Begin by downloading the following starter code (C++, Racket). The starter code for each language contains:

By default, the starter code is set up to print information about the DFA stored in the string constant.

Marmoset Note: When submitting to Marmoset, you must submit all files your program uses. If submitting using the web interface, submit a ZIP file containing the files you want to submit. If submitting using the command line, you can just type the names of the files to submit. For example, if you renamed dfa-print.cc to mipsscan.cc, but your code still uses dfa.h and dfa.cc, you would write:

/u/cs_build/bin/marmoset submit cs241 P1A mipsscan.cc dfa.h dfa.cc
Step 1: Representing a DFA in Code

Create a class or struct representing a DFA. Using the function for printing information about a DFA as a starting point, write a function that reads a DFA file and constructs an instance of the DFA class or struct.
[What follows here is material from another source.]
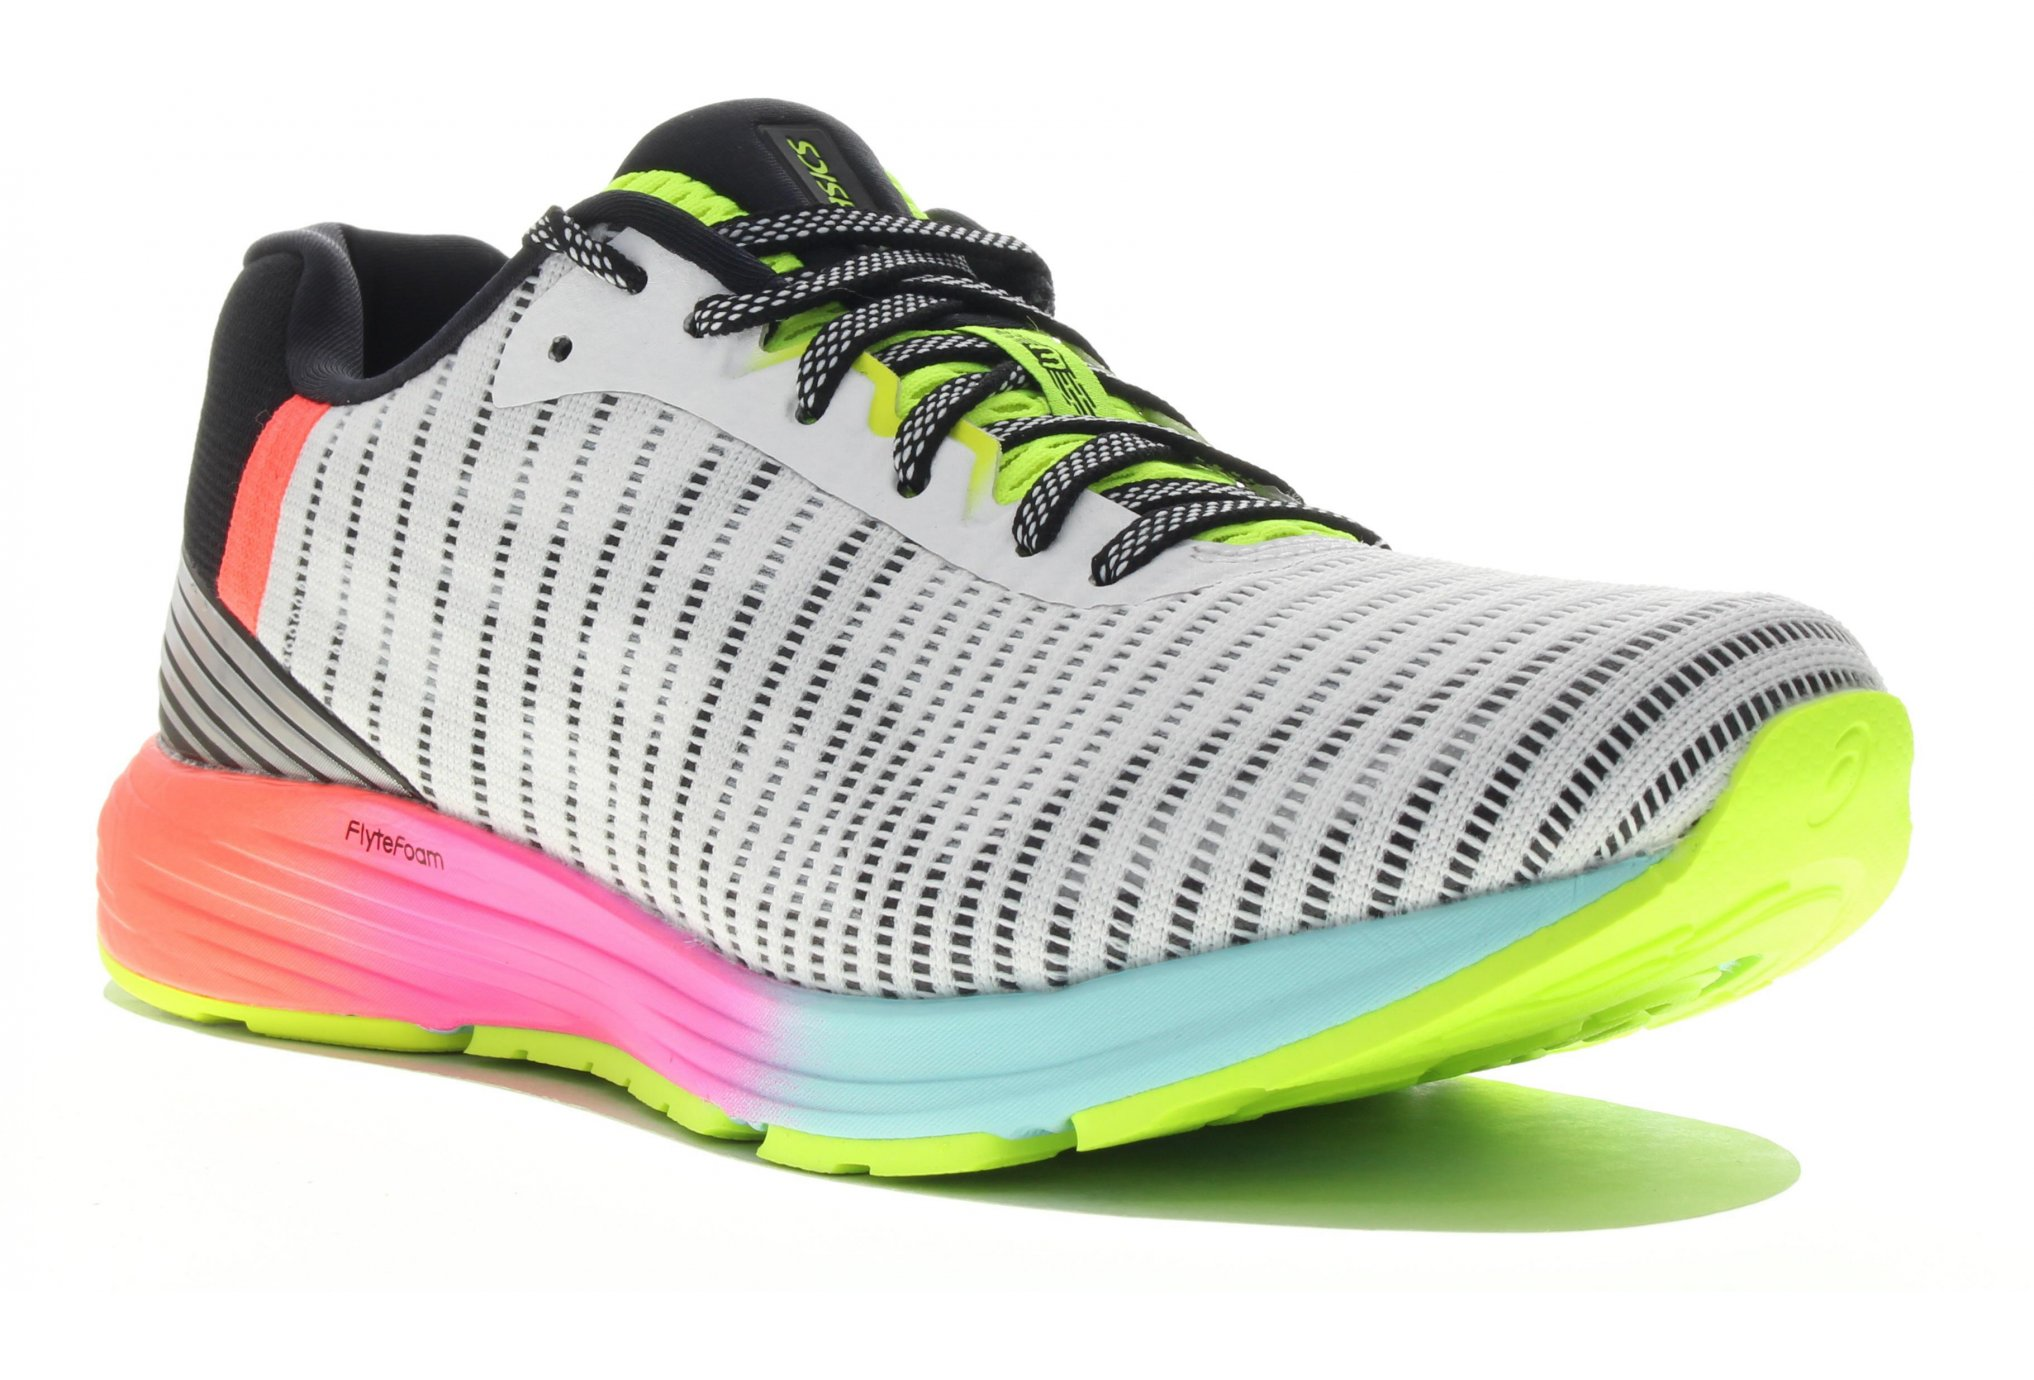 Asics Dynaflyte 3 SP Chaussures running femme

You can test it by replacing the string constant in dfa.h / dfa.rkt, or by passing your own files to the function directly.

Step 2: Get Next State Function

Using your DFA class or struct, write a "get next state" function which takes a state and a character as parameters. If there is an arrow leading out of the input state that is labelled with the input character, return the state pointed to by the arrow. Otherwise, return a value indicating there is no next state to go to.

Step 3: Simplified Maximal Munch Function

Use the "get next state" function to implement a "simplified maximal munch" function, which takes a string (or an input stream/port), tokenizes it with simplified maximal munch, and returns a sequence of strings (token lexemes). Do not worry about token kinds or filtering out tokens at this stage.

You can test your implementation with the DFA provided in the starter code, the MIPS token lexeme DFA, and any other DFA files you have lying around.

Step 4: MIPS Scanner

Replace the DFA provided in the starter code with the MIPS token lexeme DFA. It is time to write the MIPS scanner.

Create a class or struct for tokens. Modify your "simplified maximal munch" function to return a sequence of tokens instead of a sequence of strings.

Finally, write input and output code to read the input string from standard input, process it into tokens with the "simplified maximal munch" function, and print the tokenization.
Step 5: WLP4 Scanner

Now it is time to write the WLP4 scanner. Create a DFA for WLP4 tokens and replace the MIPS DFA with this new DFA.

Creating the WLP4 DFA may be a little tricky. If you are stuck, study the provided MIPS DFA and try to understand how it works.

Once you have the WLP4 DFA, modify the part of your "simplified maximal munch" function that checks restrictions on tokens, so that it checks the WLP4 restrictions instead of the MIPS restrictions.

Test your code thoroughly, and you're done!